REMS director Lisa Basgall notified campuswide caregivers Tong and Leah Ramkelawan that REMS was withdrawing from the caregiver program due to concerns with the caregiving program, according to an email sent out by Tong to head caregivers at each college in September.
“Lisa from REMS has notified us about severe deficiencies in how we are training and recording the names of the caregivers for the year,” Tong said in the email, which was sent after a meeting of college head caregivers. “Essentially, there are informal trainings going on with names being added to the caregiver list outside of official trainings. This is unacceptable to us and to her. Because of this, she has voiced her concerns to Dean of Undergraduates Bridget Gorman and has withdrawn further REMS support at our trainings.”
Tong said REMS’ withdrawal means that caregiver trainings at residential colleges will no longer have a REMS member in attendance.
“The only difference between previous trainings and those for this semester is that currently, there will not be a REMS member present to help field any questions that students may have,” Tong, a Sid Richardson College junior, said in an email on Tuesday. “The trainings are still the same high quality as they have always been, and tailored for each college.”
However, Basgall said via email on Tuesday that REMS had never withdrawn from the program, citing scheduling issues for its lack of presence at caregiver trainings last semester.
“REMS has not withdrawn from the caregiving program,” Bascall said. “Occasionally in the last year or two when classes were scheduled on short notice, it was hard to find a REMS volunteer to attend the class. In fact, REMS is scheduled to attend classes scheduled for January.”
Agnes Ho, the director of the Wellbeing Center, who oversees the caregiving program, also said that REMS had not withdrawn from the program.
“REMS has not withdrawn from the caregiver program and it has never stopped working with caregivers at public parties,” Ho said. “We’ve implemented some changes for the future, including agreeing that REMS should get a two-week notice to plan the training sessions.”
In an email Tuesday, Ramkelawan said that discussions for REMS to rejoin the caregiving program are currently underway.
“We are still in contact with [REMS], and it is very possible that they may join the program again,” Ramkelawan, a Duncan College senior, said.
Changes to Caregiving
Starting this year, all caregivers at events must be confirmed a week in advance, according to Tong’s September email. Furthermore, all caregiver trainings must be attended by Tong, Ramkelawan or a staff member from the Wellbeing Center. These new practices were developed in collaboration with the Wellbeing Center, which oversees the caregiving program, Tong said.

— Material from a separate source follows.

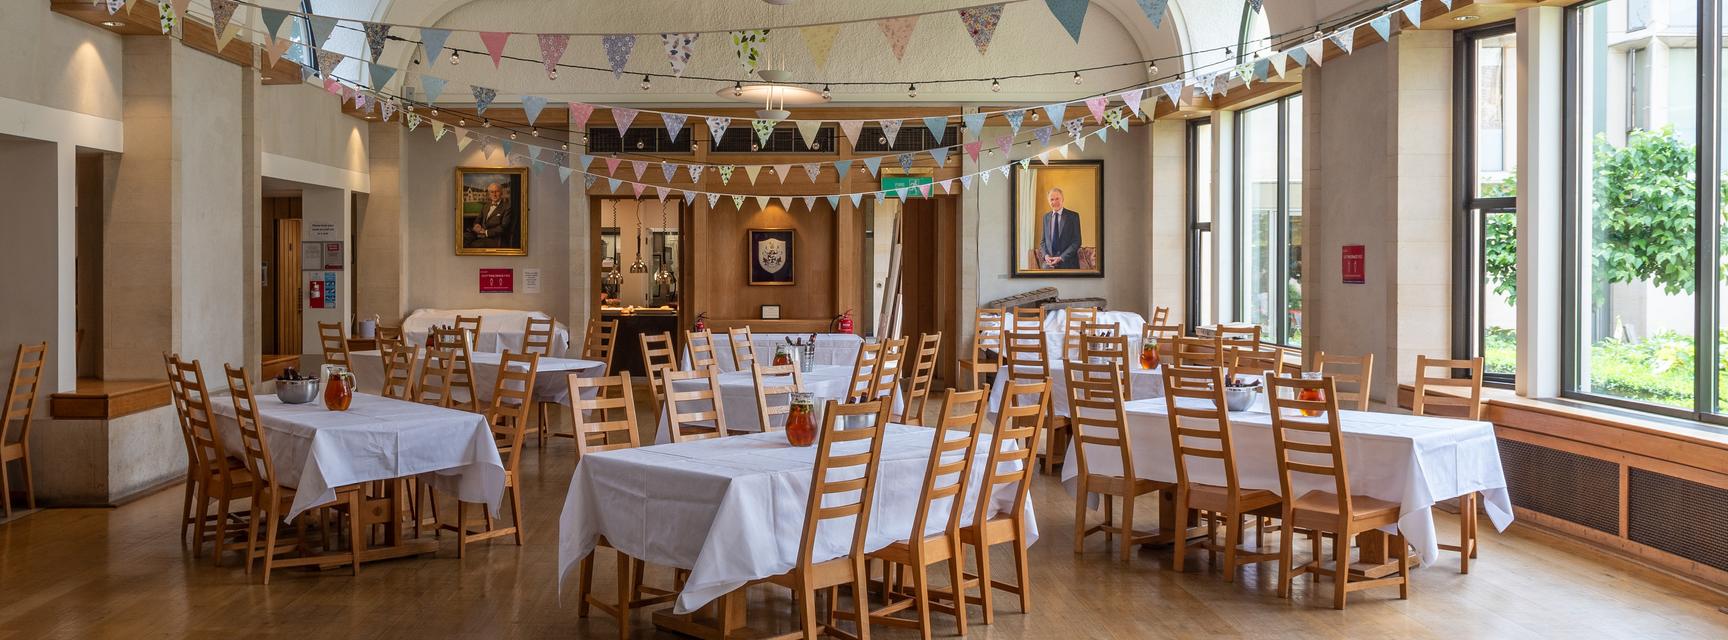 St Cross hall with bunting and tables arranged for intimate event
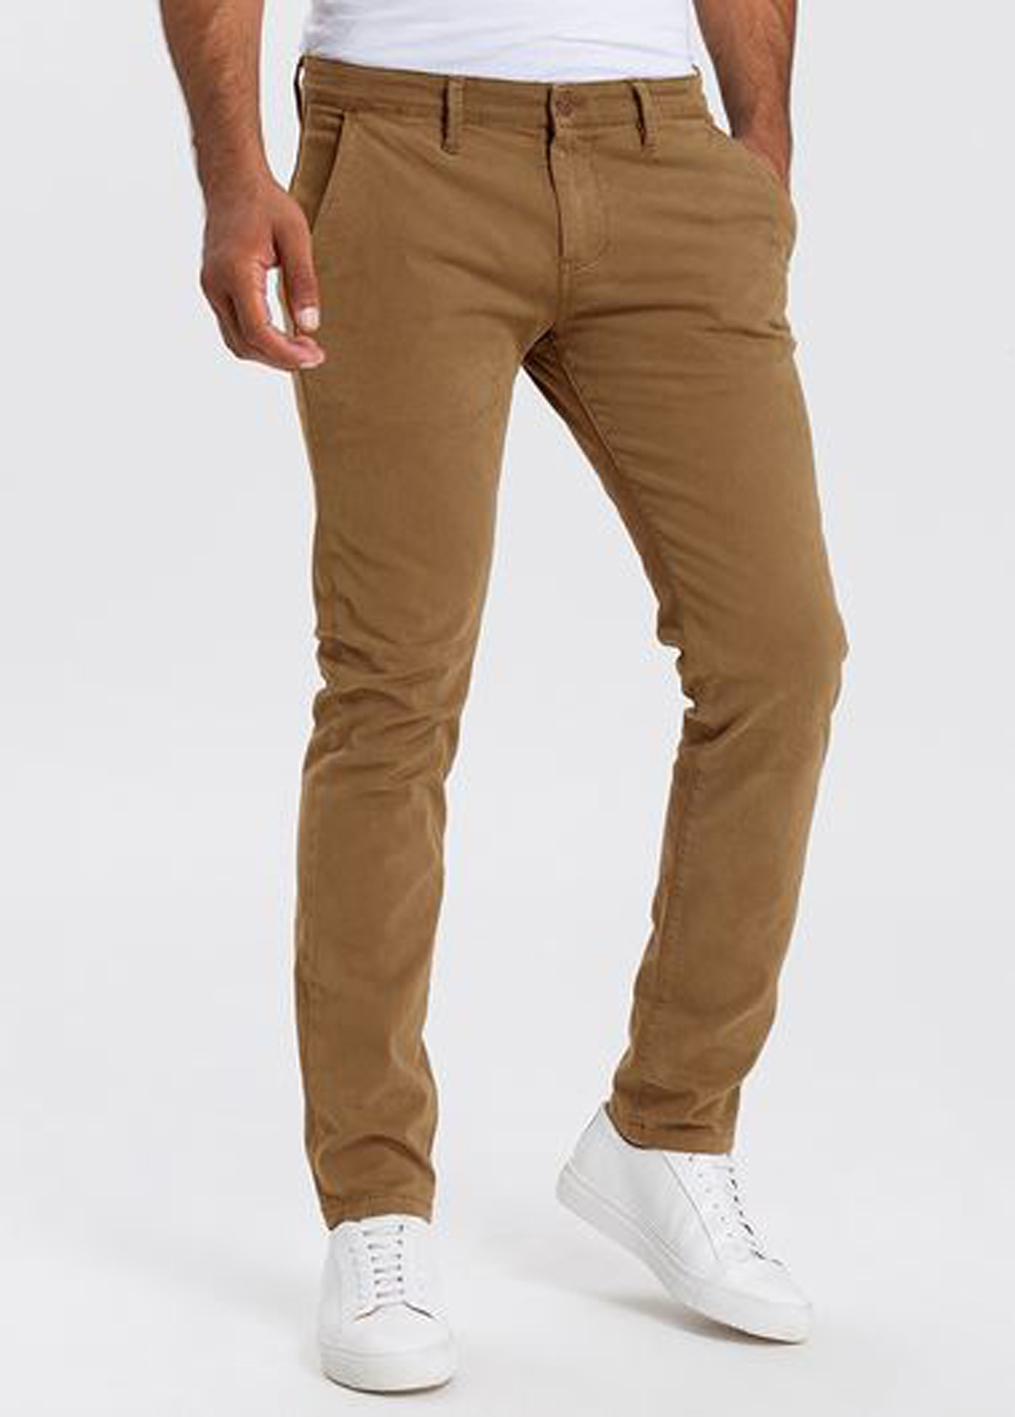 Cross Chino Hose Tapered Fit camel von Cross

Emma Reford, a socials committee head at Baker College last year, said that the socials committee at Baker was careful to cross-check the names of officially trained caregivers with those who had signed up for events. However, she said there were issues with standardization and communication.
“In theory, the caregiving program is a great idea and helps to further a culture of care,” Reford, a junior, said. “However, in practice at public parties, it is perhaps impractical to expect students, who are most likely only in it for the service hours, to be expected to have that much responsibility.”
Reford suggested the familiar nature of the caregiving program renders it more suitable for college events than public parties.
“The caregiving program might be more applicable to smaller college events, like college Beer Bike events or Spirit Fridays (Fridays in the Quad) because this is a more intimate environment with fewer people, lower risk and stronger relationships between those present,” Reford said.
Ashton Duke, a former head caregiver at Baker, said he is hosting an informal caregiver training at Duncan this Thursday to address what he considered deficiencies in the program, particularly its prioritization of certifying a large number of caregivers over teaching people how to give care.
“Event registration shouldn’t be the only reason people go through the training,” Duke, a Duncan College senior, said. “Anyone should be able to give care if they know how to give care, regardless of an official status.”